Another important reason to use subroutines is to prevent the same code from being written twice. Programmers particularly hate code duplication . To see why, imagine that the last example were amended so that the code outputs the array of numbers twice: once before sorting and once after.
  • Without using subroutines, you’d have to write the code for outputting the array contents again at an earlier stage in the code.

  • With a subroutine, you’d need only add an extra call to the outputNumbers method.
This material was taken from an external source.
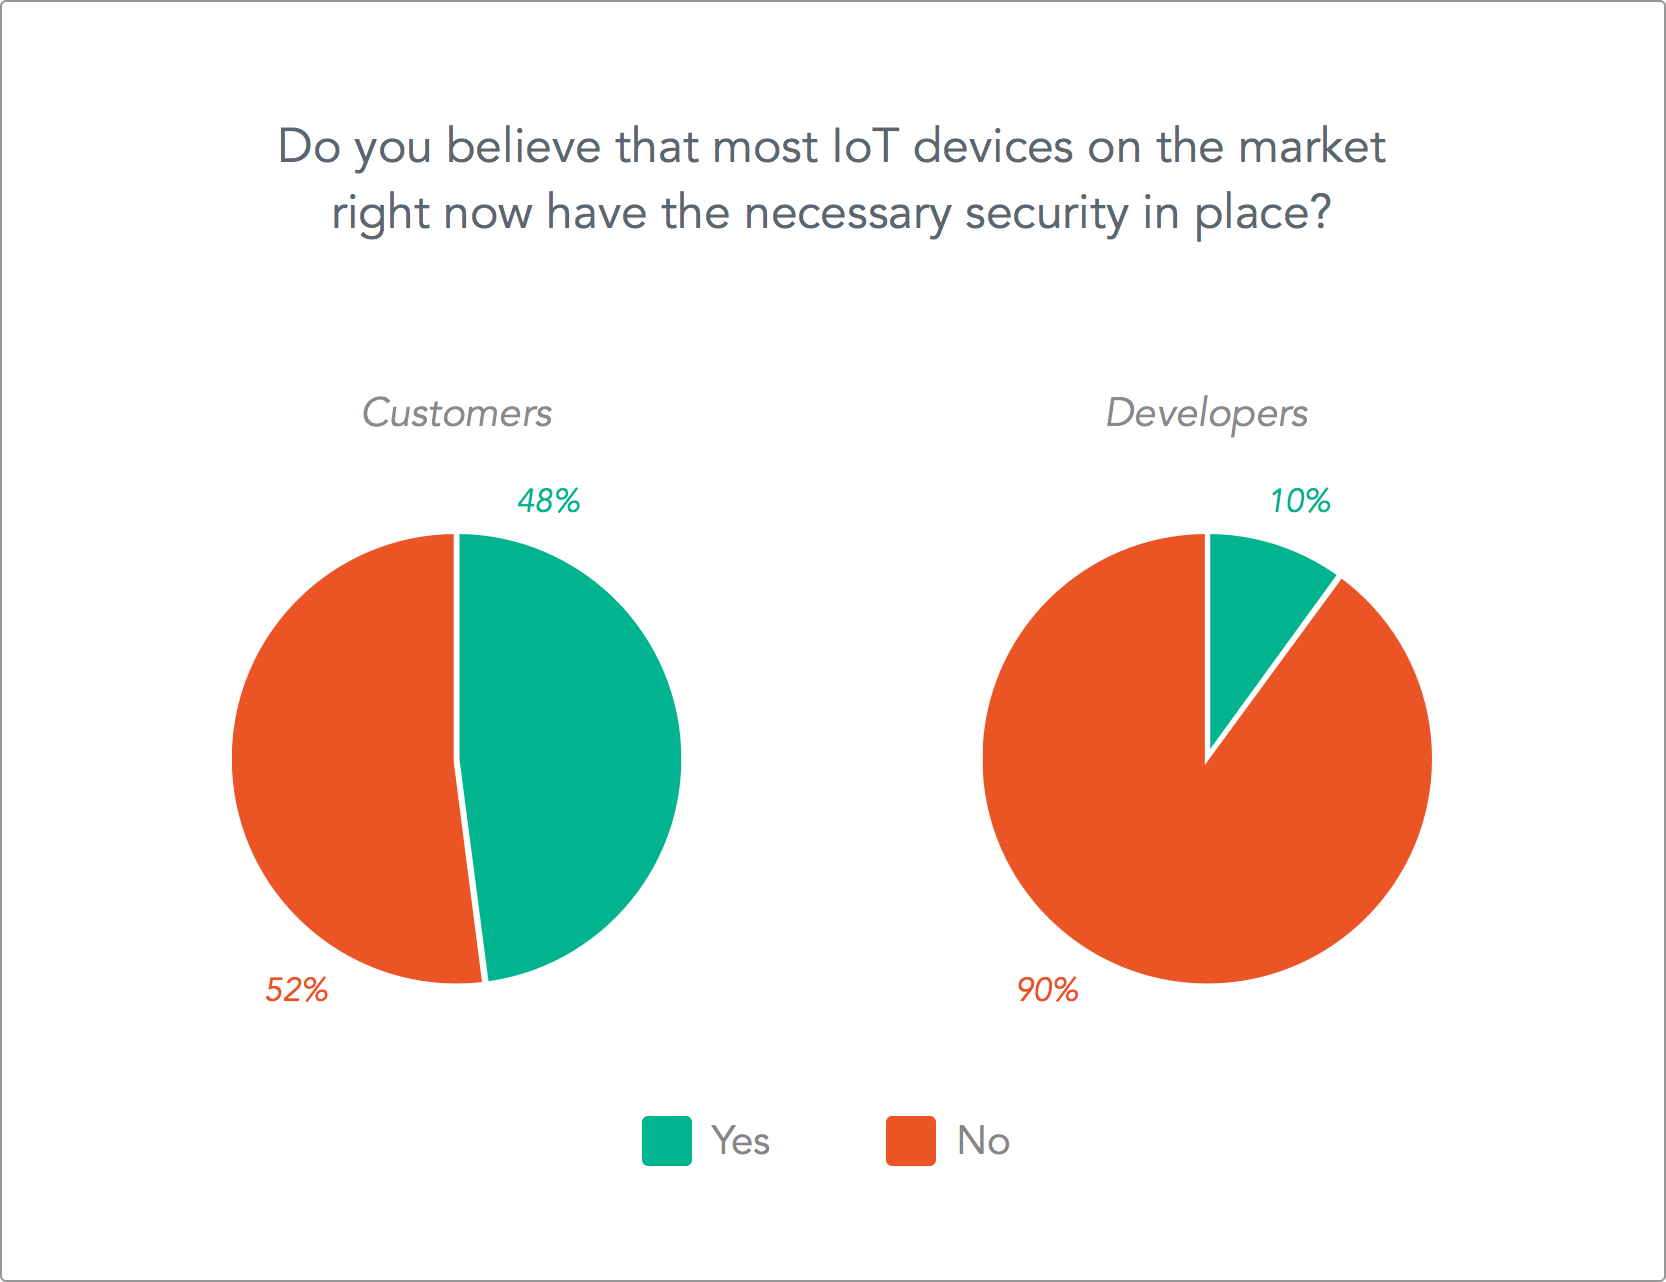 Do you believe that IoT devices are secure?
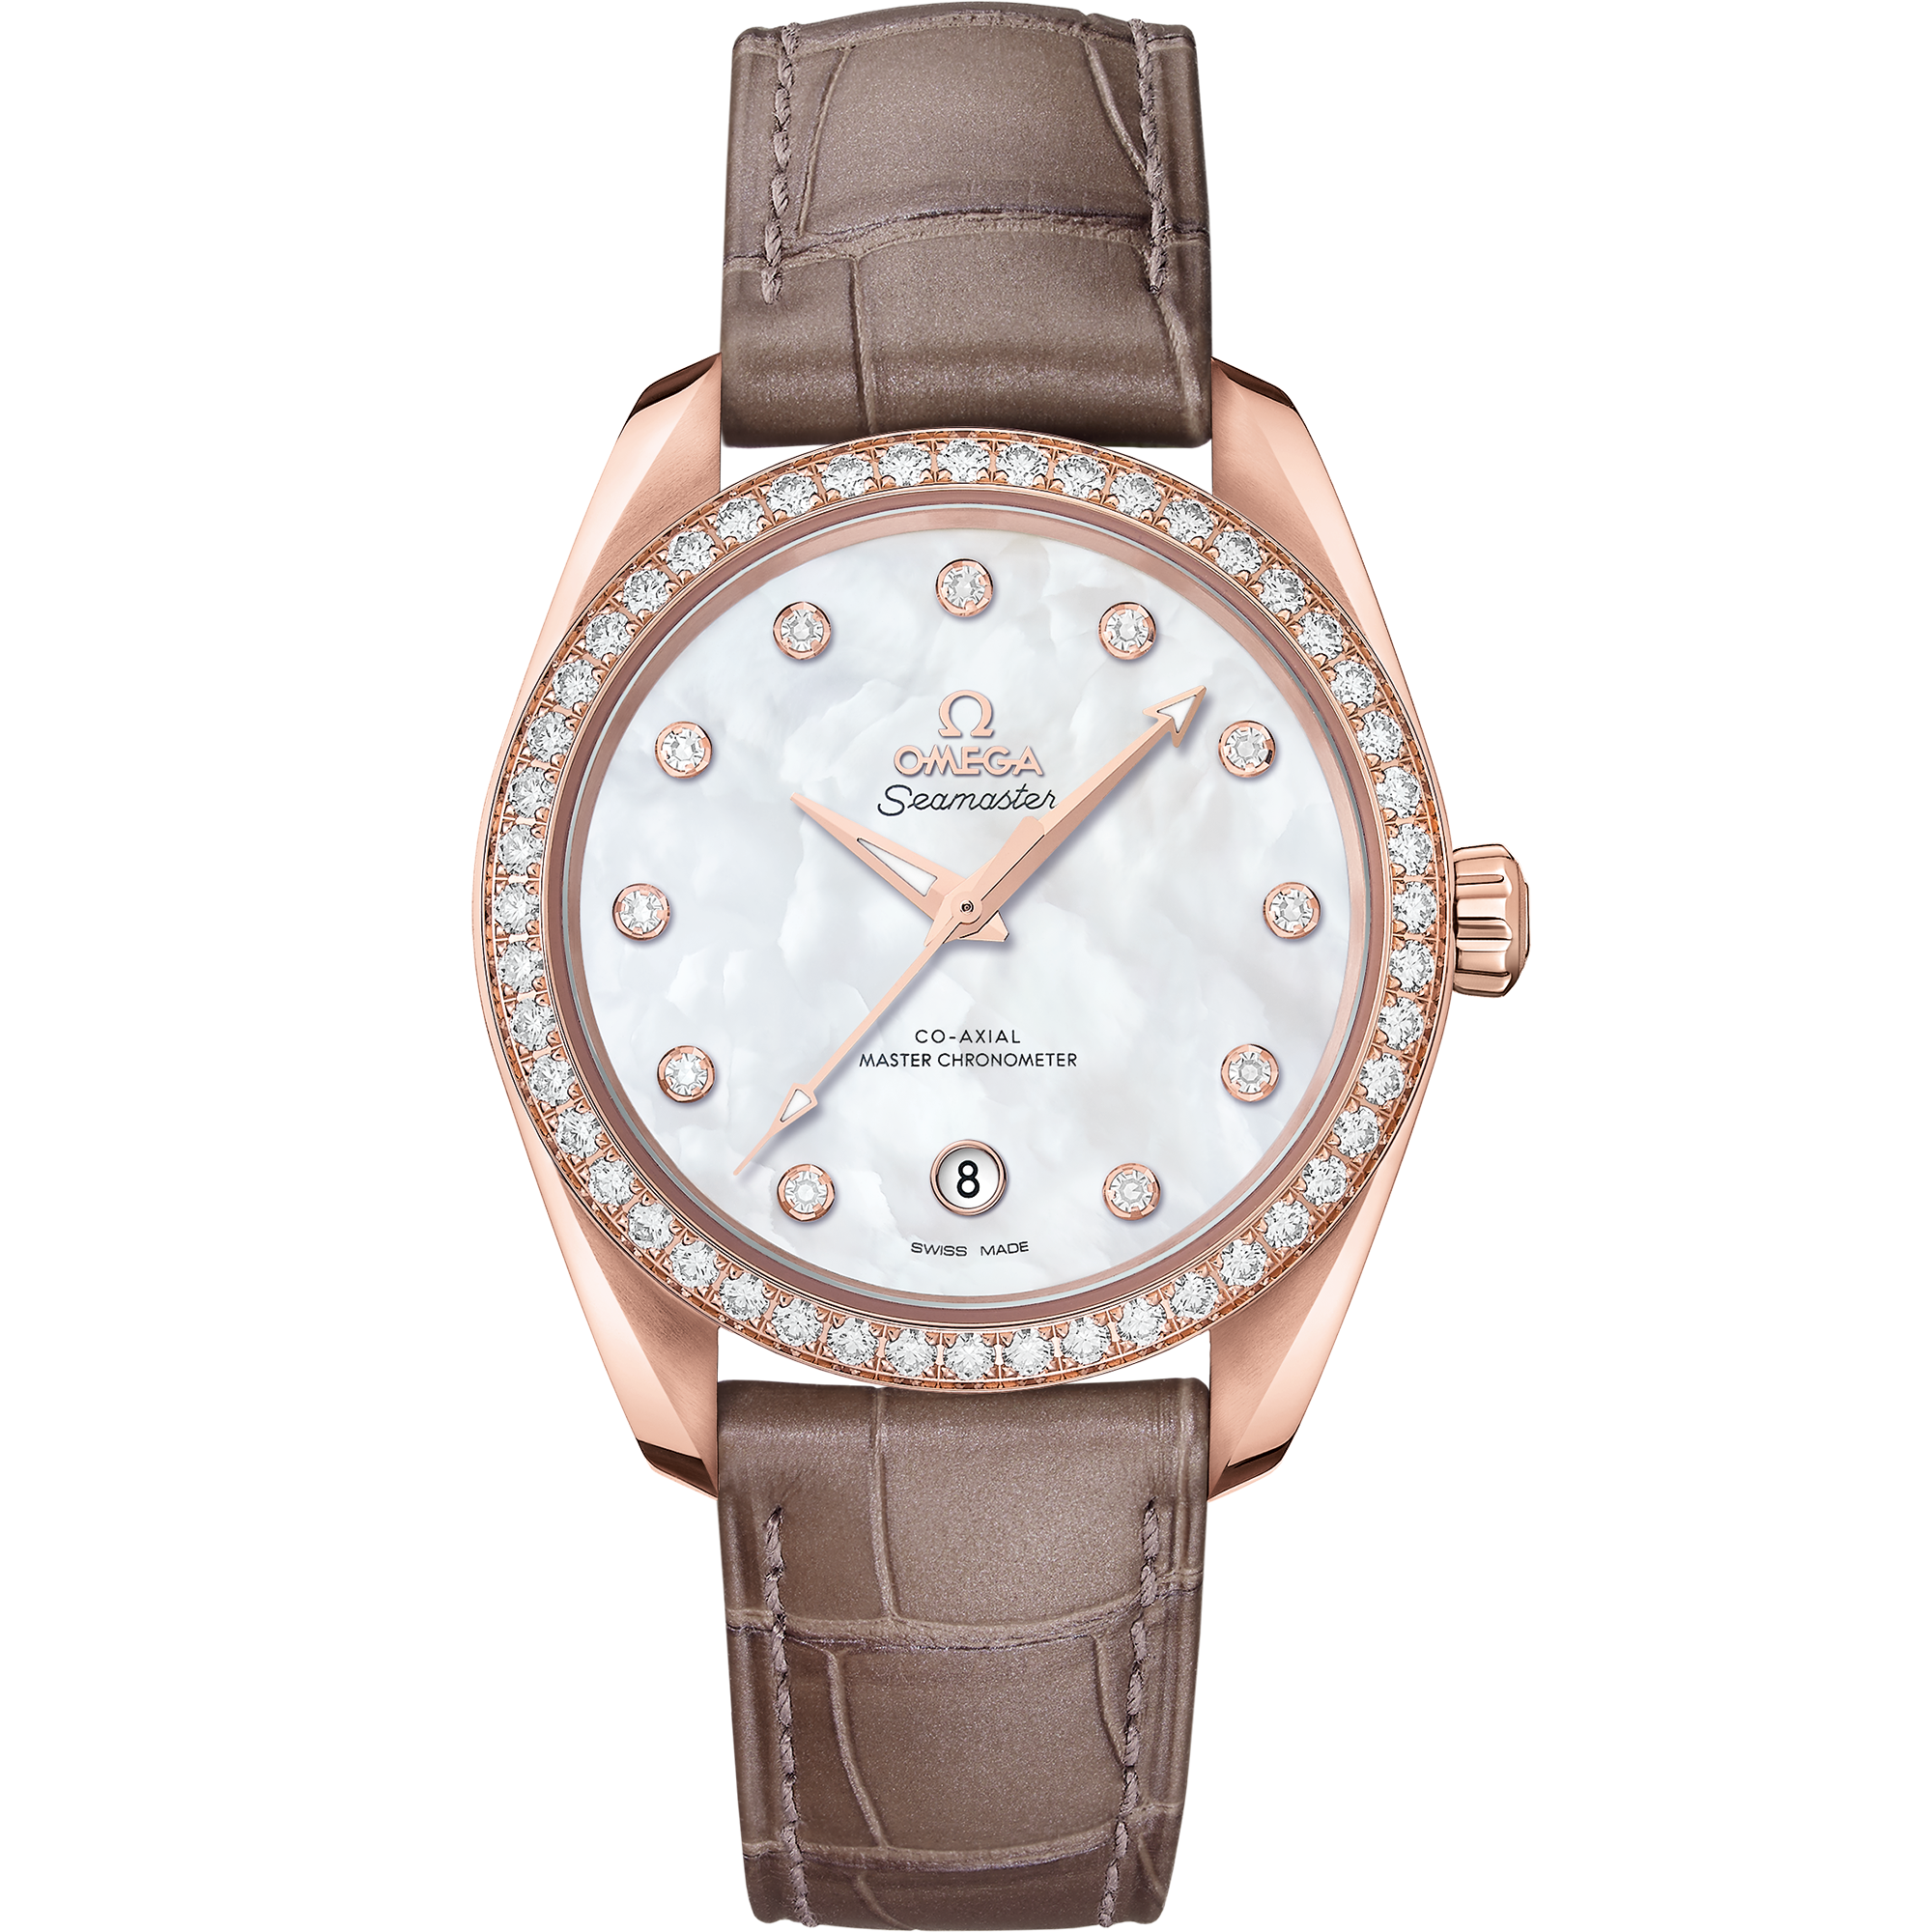 Seamaster 38 mm, Sedna™ gold on leather strap - 220.58.38.20.55.001

Of course, that doesn’t save a huge amount of extra effort, but that’s not where the payoff comes. The payoff comes later when a change becomes necessary to the way the array contents are output. If the code responsible is in a subroutine , you only need to change it in one place. If, on the other hand, the code responsible is duplicated, you’d have to update all those copies, ensuring that each change is done exactly the same and that none of those copies is missed accidentally. You can well imagine this gets harder the more the code is duplicated and the more those duplicates are spread out.

This is the motivation behind another anti-rule for the bad programmer:

Duplicate! Spread stuff around; don’t consolidate things.

Subroutines will be discussed in more detail in Chapter 6.